# Clovelly Sunday 9th Dec



## tugboat (Nov 15, 2006)

Anyone up for a fish at Clovelly on Sunday?


----------



## timax (Oct 16, 2007)

Silly Question these days. :lol:


----------



## timax (Oct 16, 2007)

Thats a Yes by the way.  
Still waiting for my drag upgrade to arrive but ready with some larger sp's


----------



## Davey G (Jan 15, 2006)

yeah i should be good for early sunday..been too long


----------



## tugboat (Nov 15, 2006)

timax said:
 

> Silly Question these days. :lol:


I know what you mean  Thought I'd just ask    Didn't want to be the only one getting all the fish on Sunday ' :lol:


----------



## deano (Nov 26, 2006)

I think the weather might mess with the plan, but put me down on the guest list.


----------



## tugboat (Nov 15, 2006)

Bump!

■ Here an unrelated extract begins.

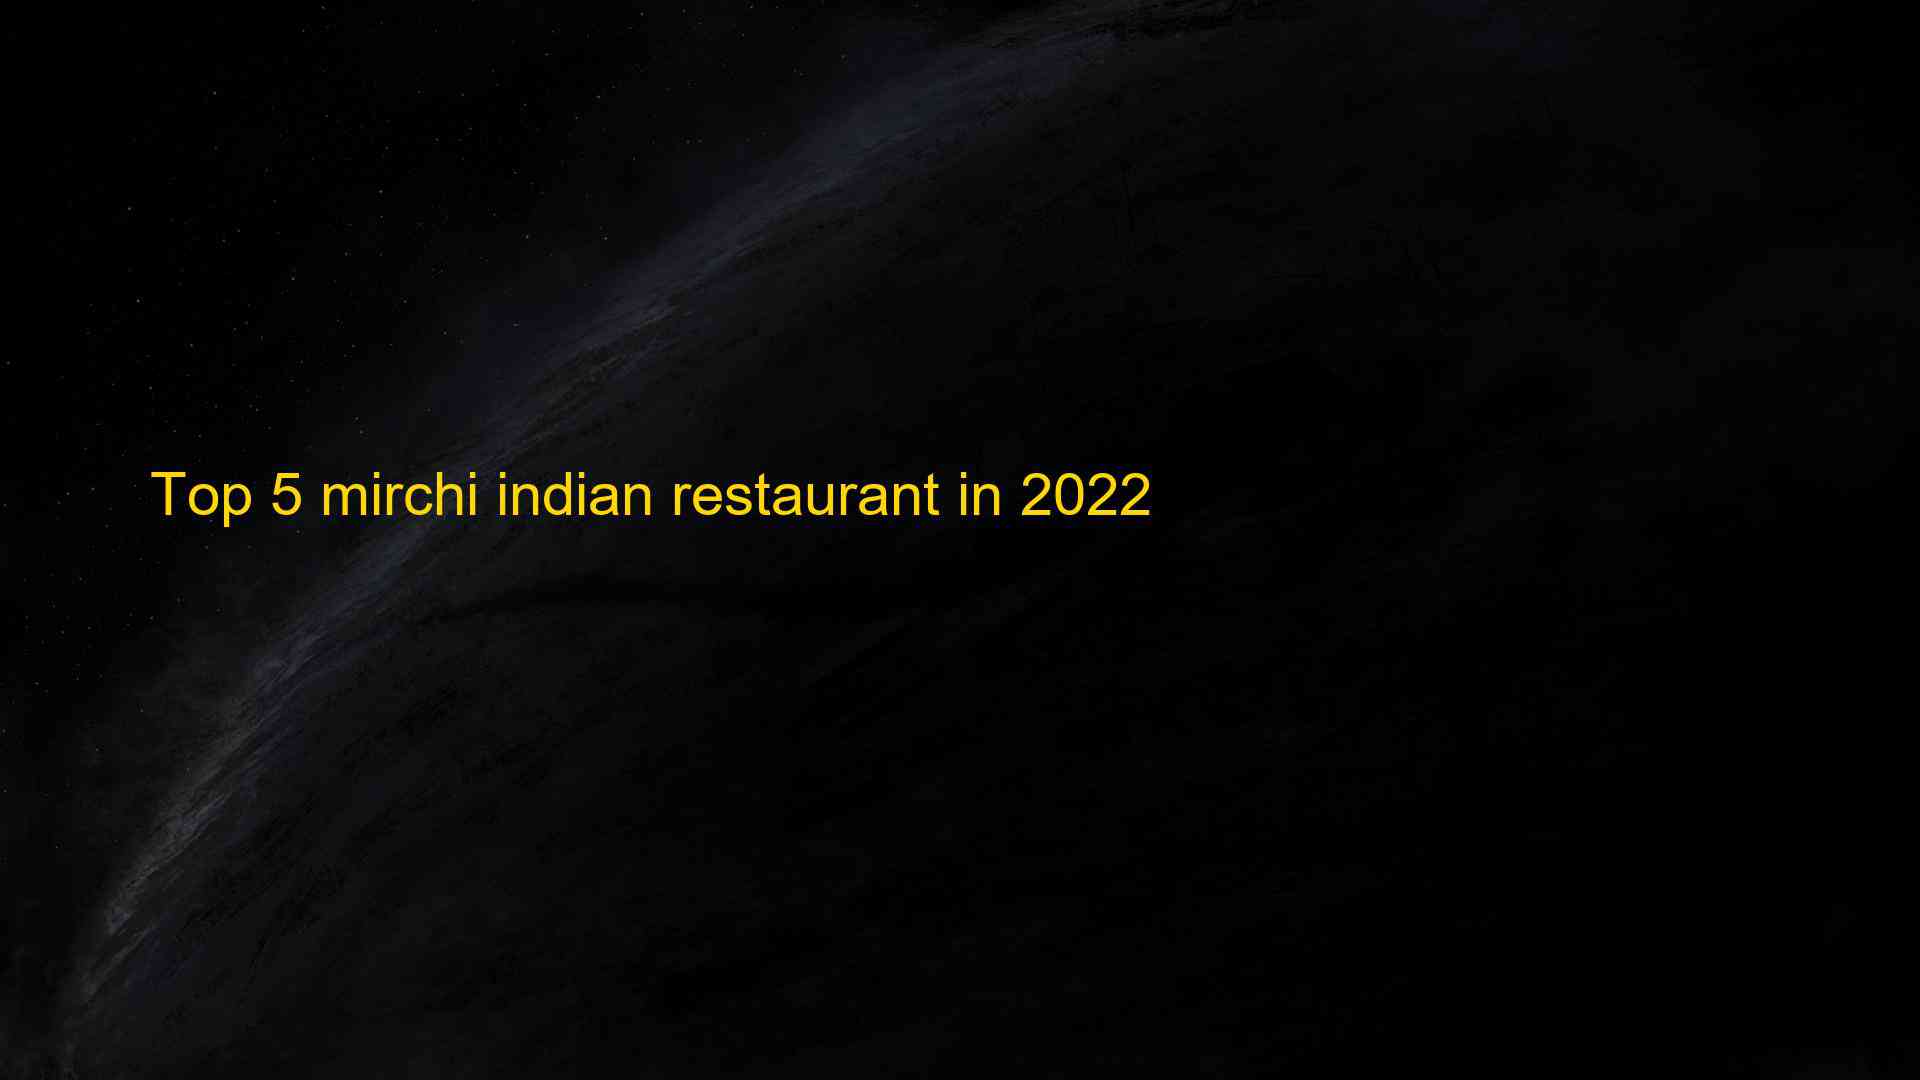 Top 5 mirchi indian restaurant in 2022 1663403209

Wind report looking good so far..


----------



## wopfish (Dec 4, 2006)

YUP !!!


----------



## wigg (Jan 6, 2007)

Sorry boys I am out due to time constraints.
(I have to go to a mothers group Christmas party)
So I am planning on a quick shot at Longy in the morning.
Good luck to all.
Woppie I want a full and detailed report on the new Nitro and I expect you will put it right thru its paces.

Cheers

Wigg


----------



## wopfish (Dec 4, 2006)

Its ready to go wigg - just hope they are taking 9" / 12 " stickbaits tomorrow !!! Good luck at your mothers meeting !!!

Woppie


----------



## wopfish (Dec 4, 2006)

Oh and Longy too ...


----------



## wigg (Jan 6, 2007)

I am pumped for a quicky tomorrow.
I hope Godzilla comes up trumps.
Can you try flicking a few smaller placcies too.
I am thinking a new Godzilla and a Stradic 5000 for a Chrissy present to myself.

Cheers

Wigg


----------



## wopfish (Dec 4, 2006)

Wigg its a pretty chunky rod mate - how small placcies were you thinking ??? Might not be the rod for you - maybe the magnum butt or the viper ???


----------



## wigg (Jan 6, 2007)

I have just bought the Magnum.
Could you flick a 5inch placcy out with Godzilla ?


----------



## Davey G (Jan 15, 2006)

i'll be there.. 5ish?


----------